Exercise
Transcribe the listing in full, word for word; pictures do not belong in the copy.

Data provided
------------------------------

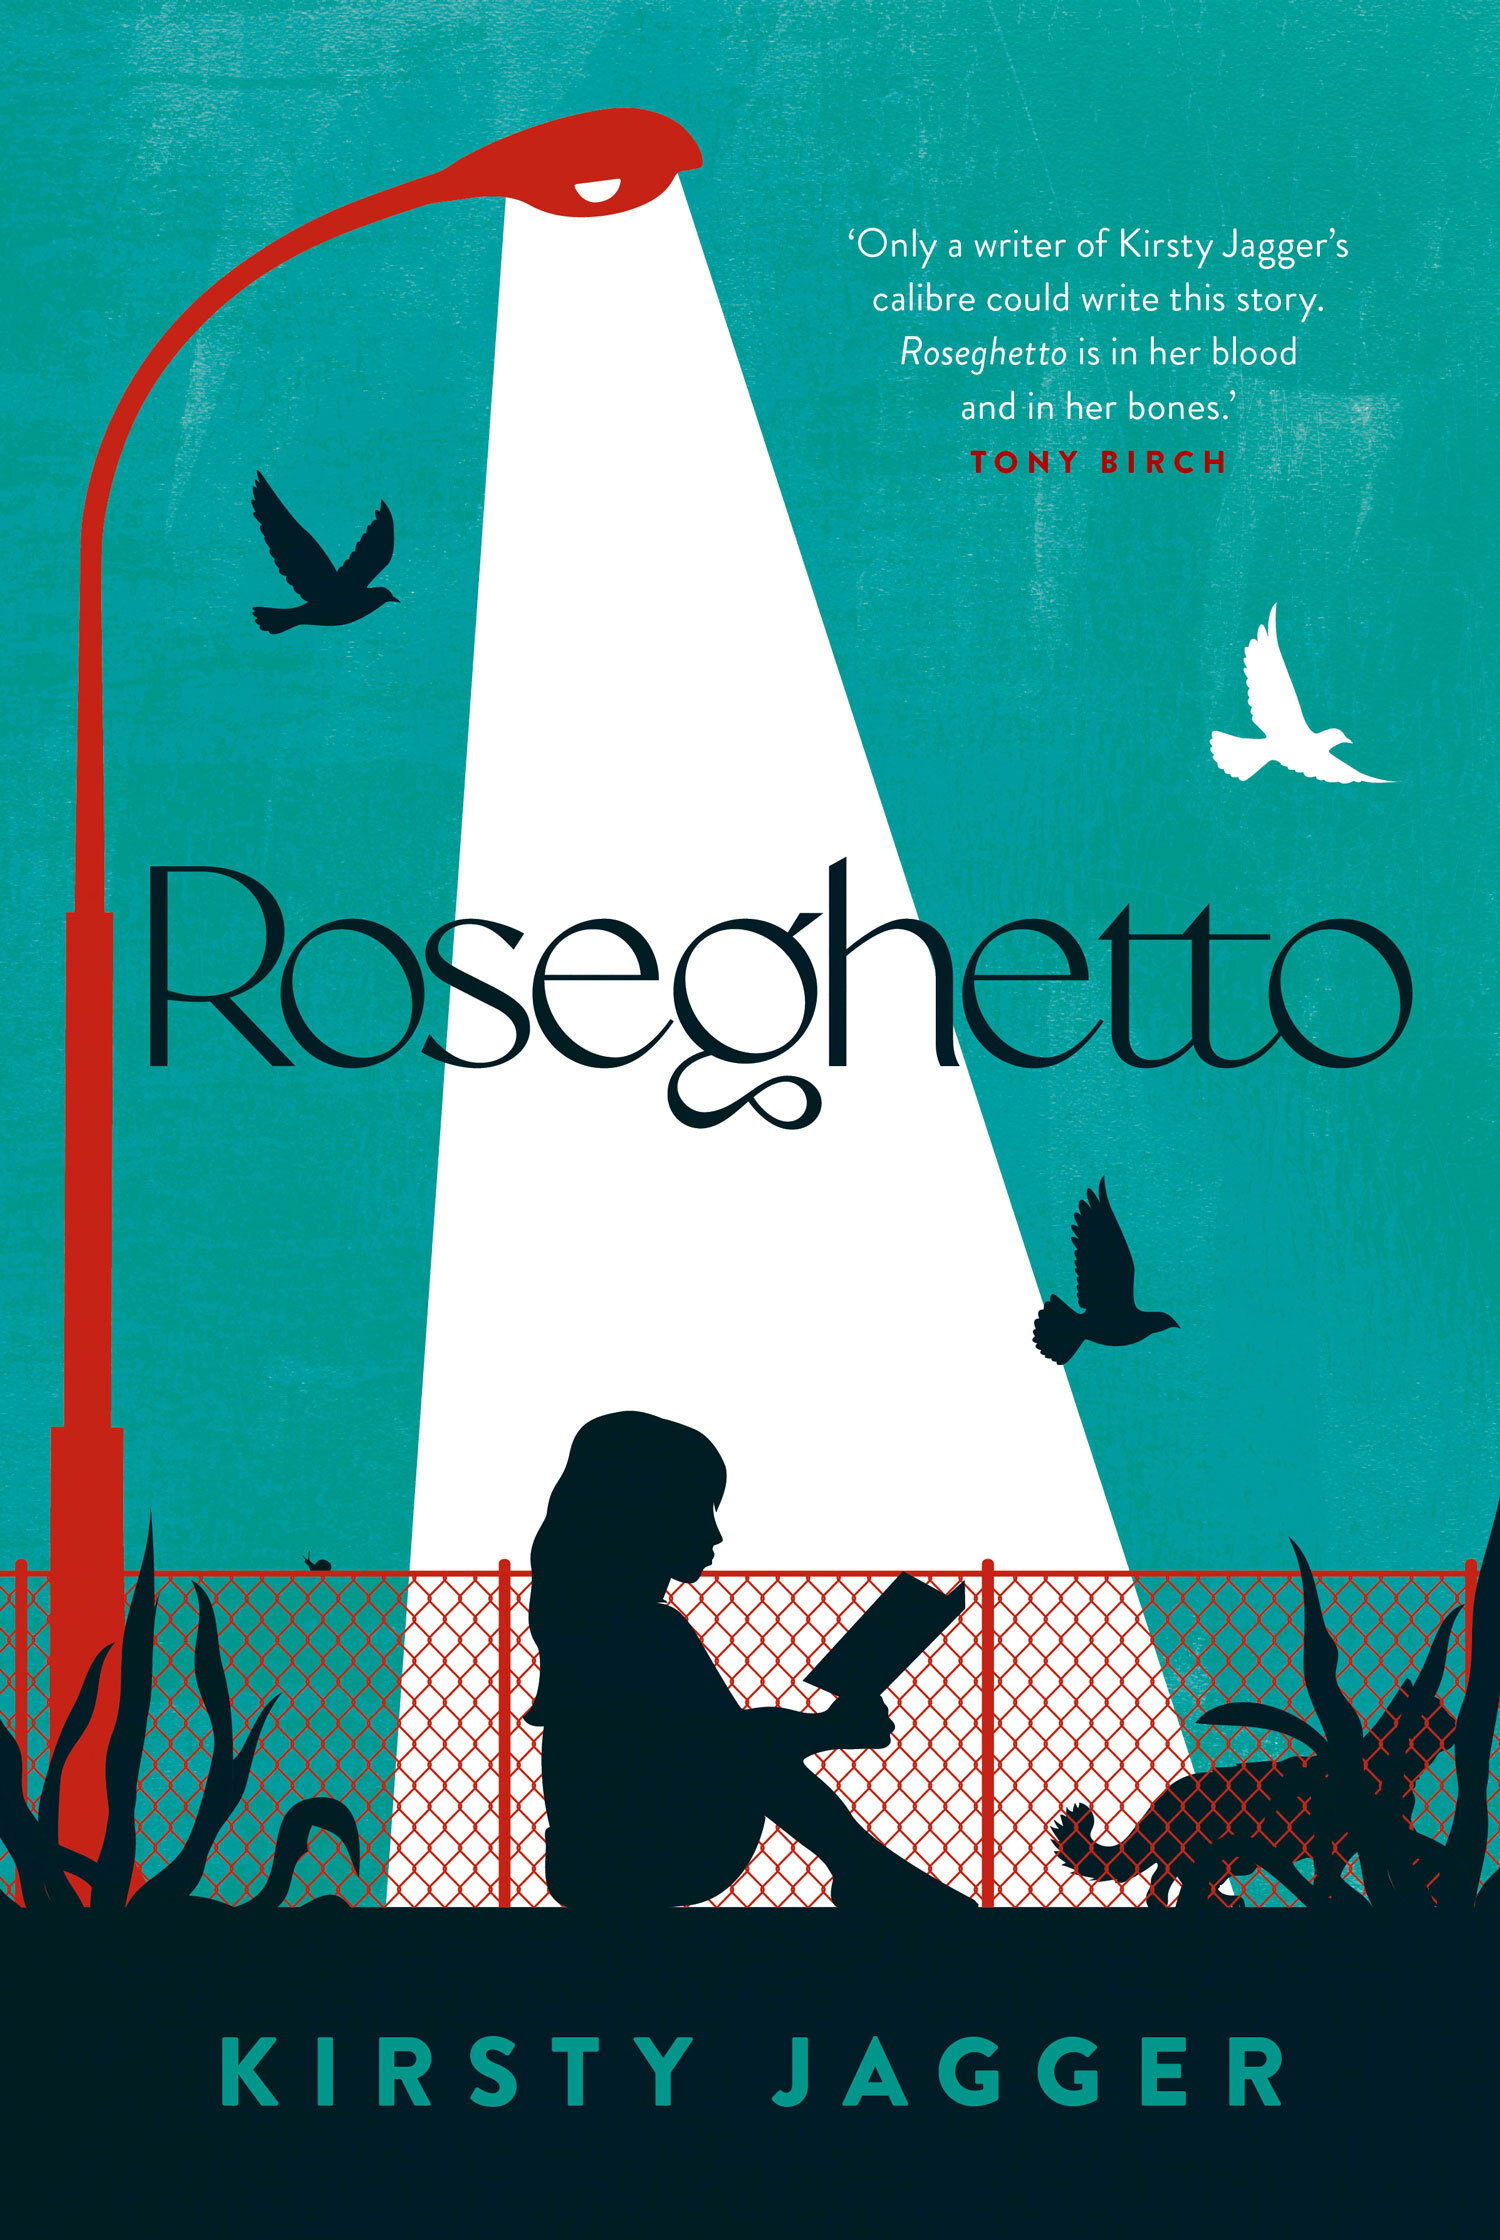 Cover of Roseghetto by Kirsty Jagger. A teal and white illustration shows a girl reading a book under a street light.
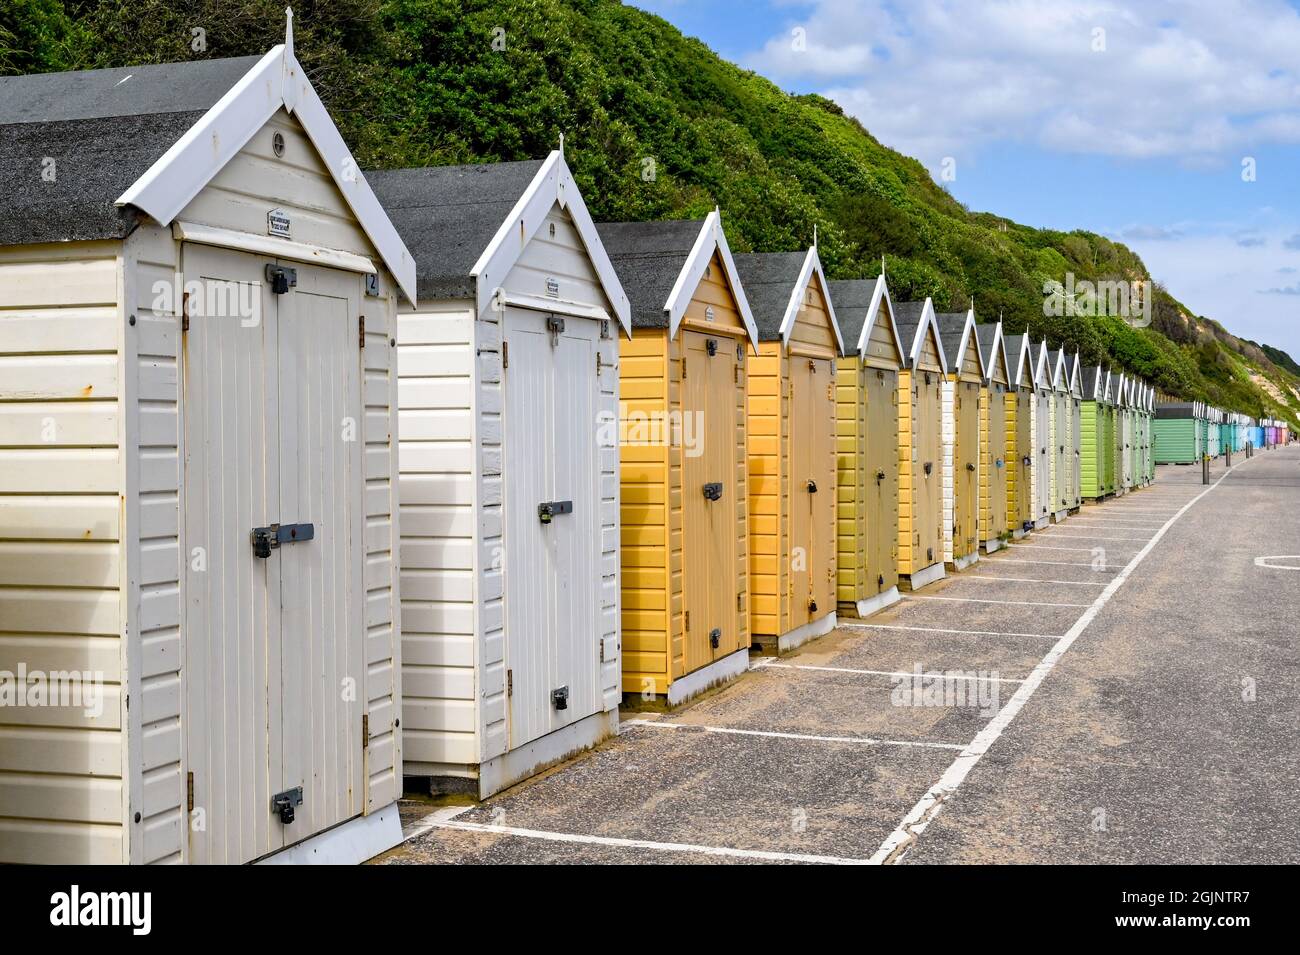 Bournemouth, Dorset, England - June 2021: Long row of beach huts below the cliffs in Bournemouth Stock Photo
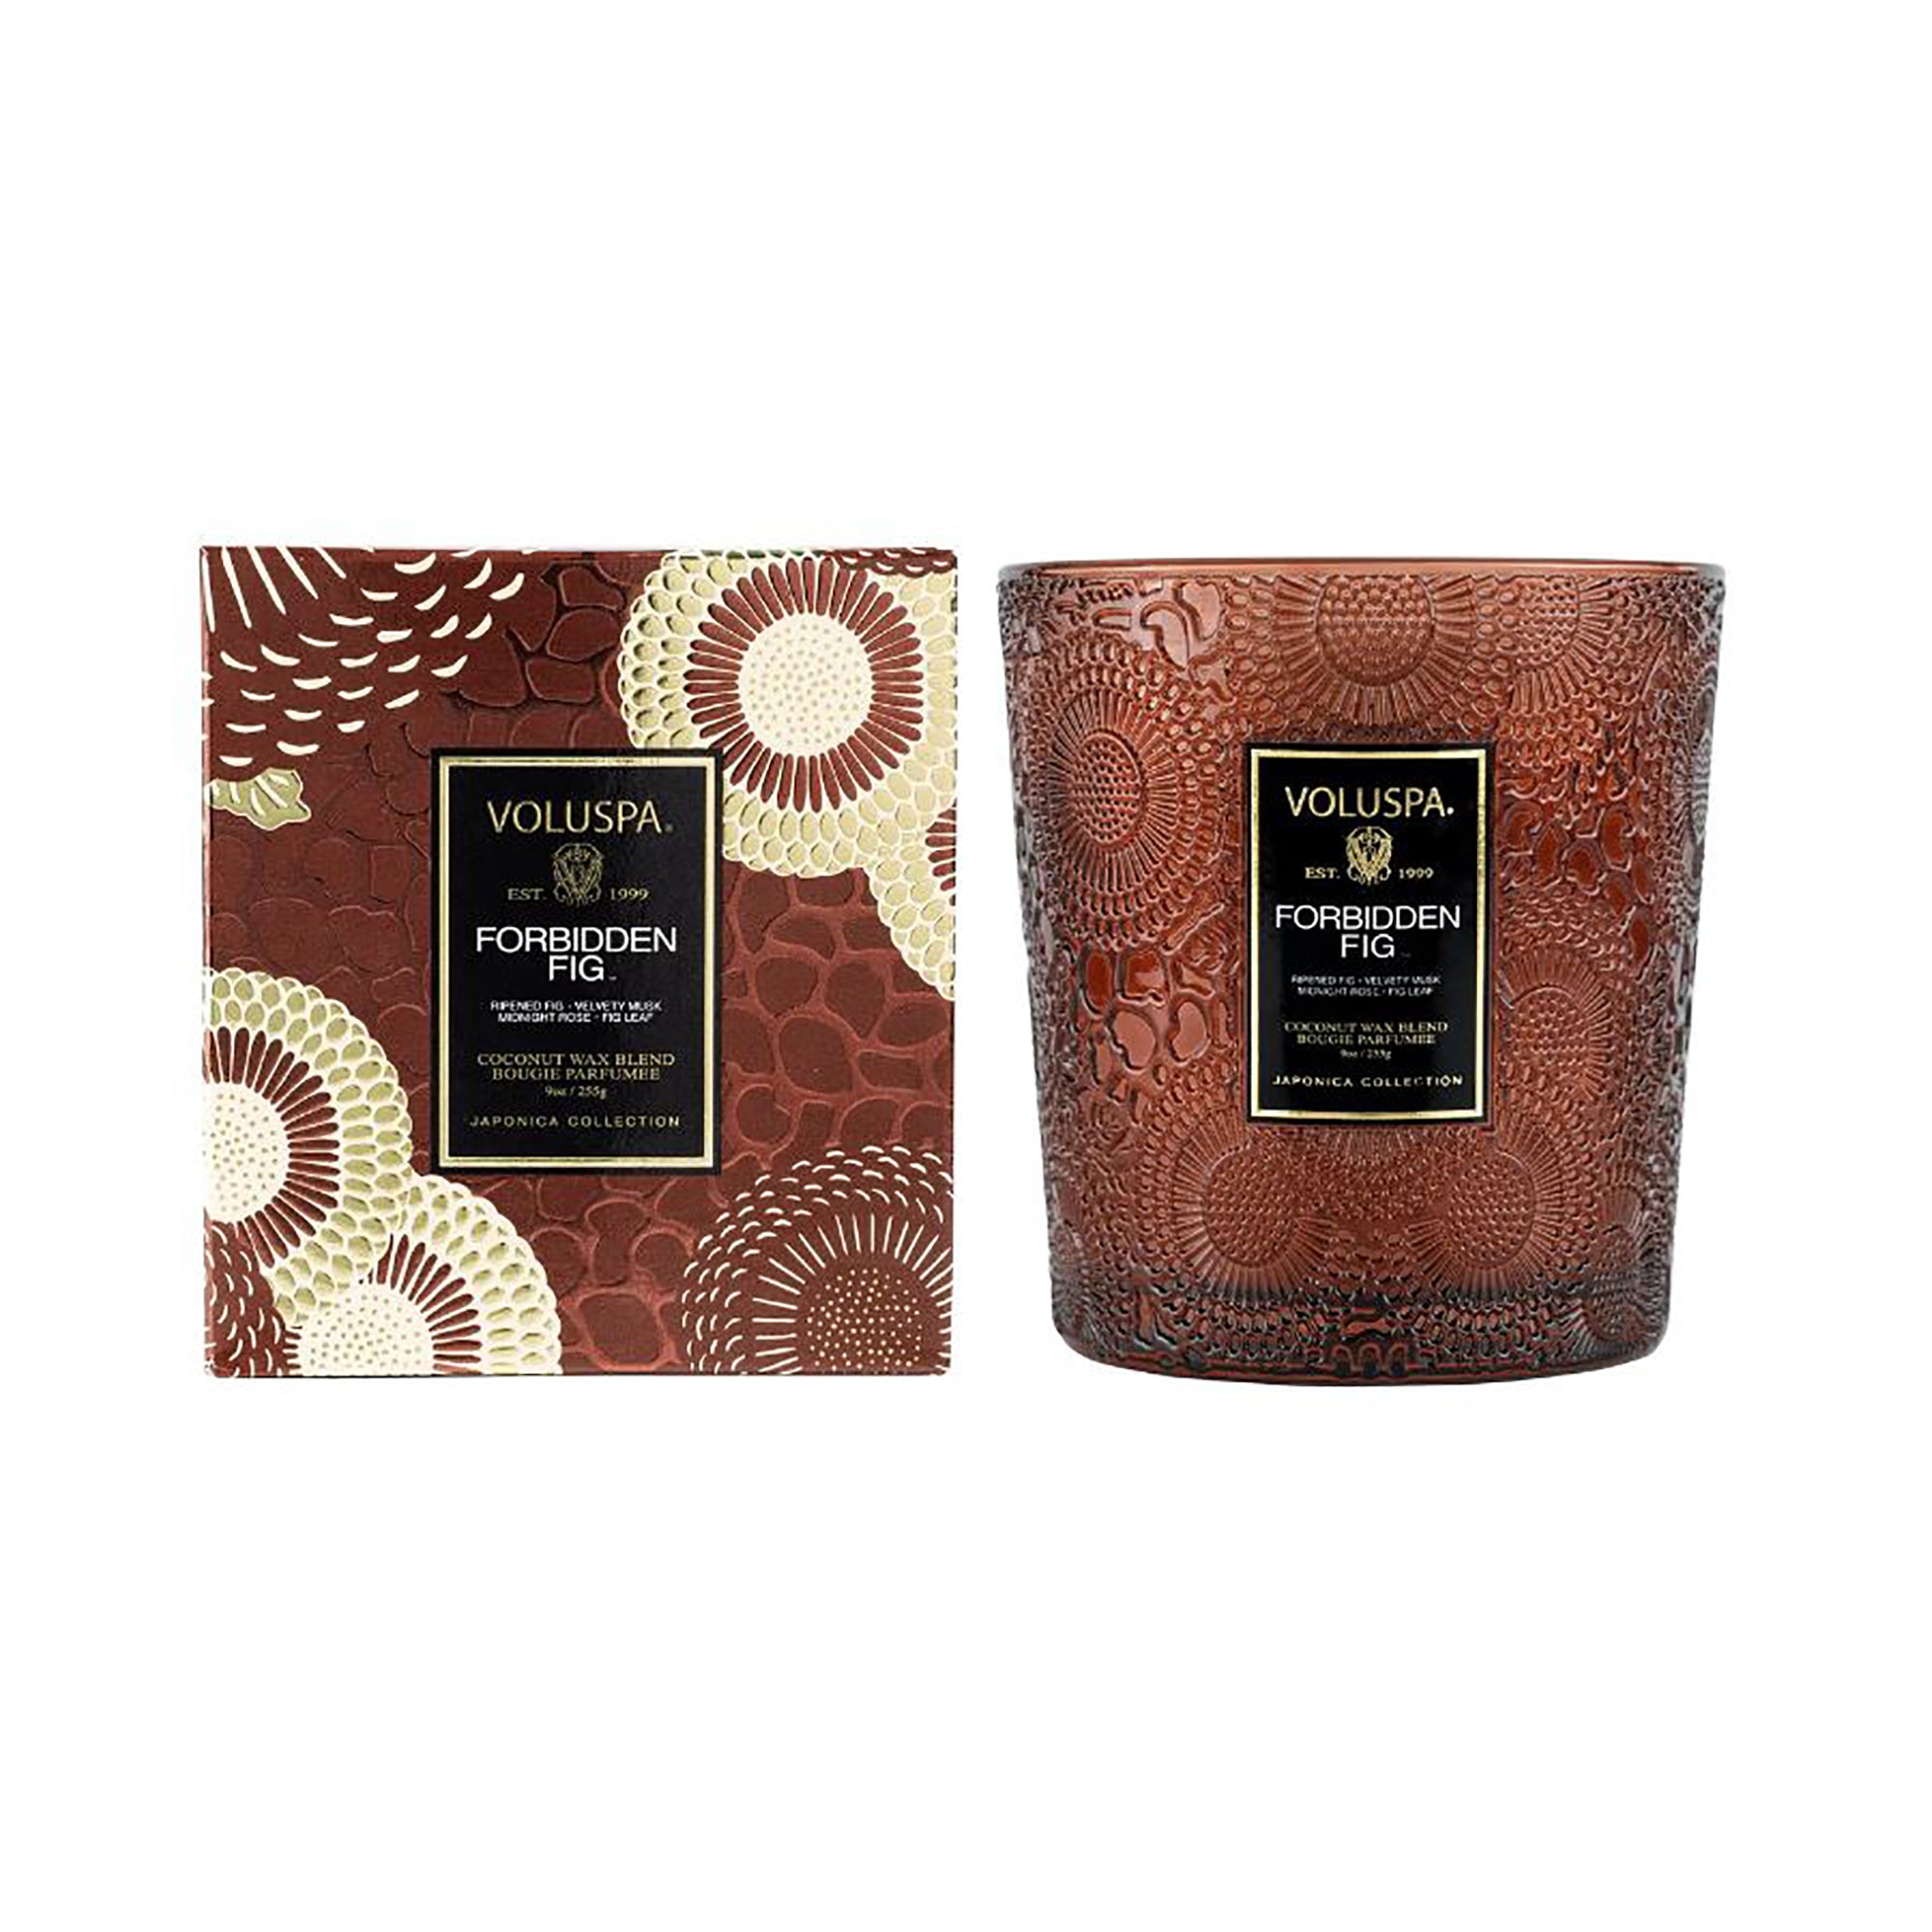 Voluspa Japonica Collection Boxed Classic Candle 9 oz. / FORBIDDEN FIG

------------------------------

Answer for the task
 Cover of Roseghetto by Kirsty Jagger. A teal and white illustration shows a girl reading a book under a street light.
 Bournemouth, Dorset, England - June 2021: Long row of beach huts below the cliffs in Bournemouth Stock Photo
 Voluspa Japonica Collection Boxed Classic Candle 9 oz. / FORBIDDEN FIG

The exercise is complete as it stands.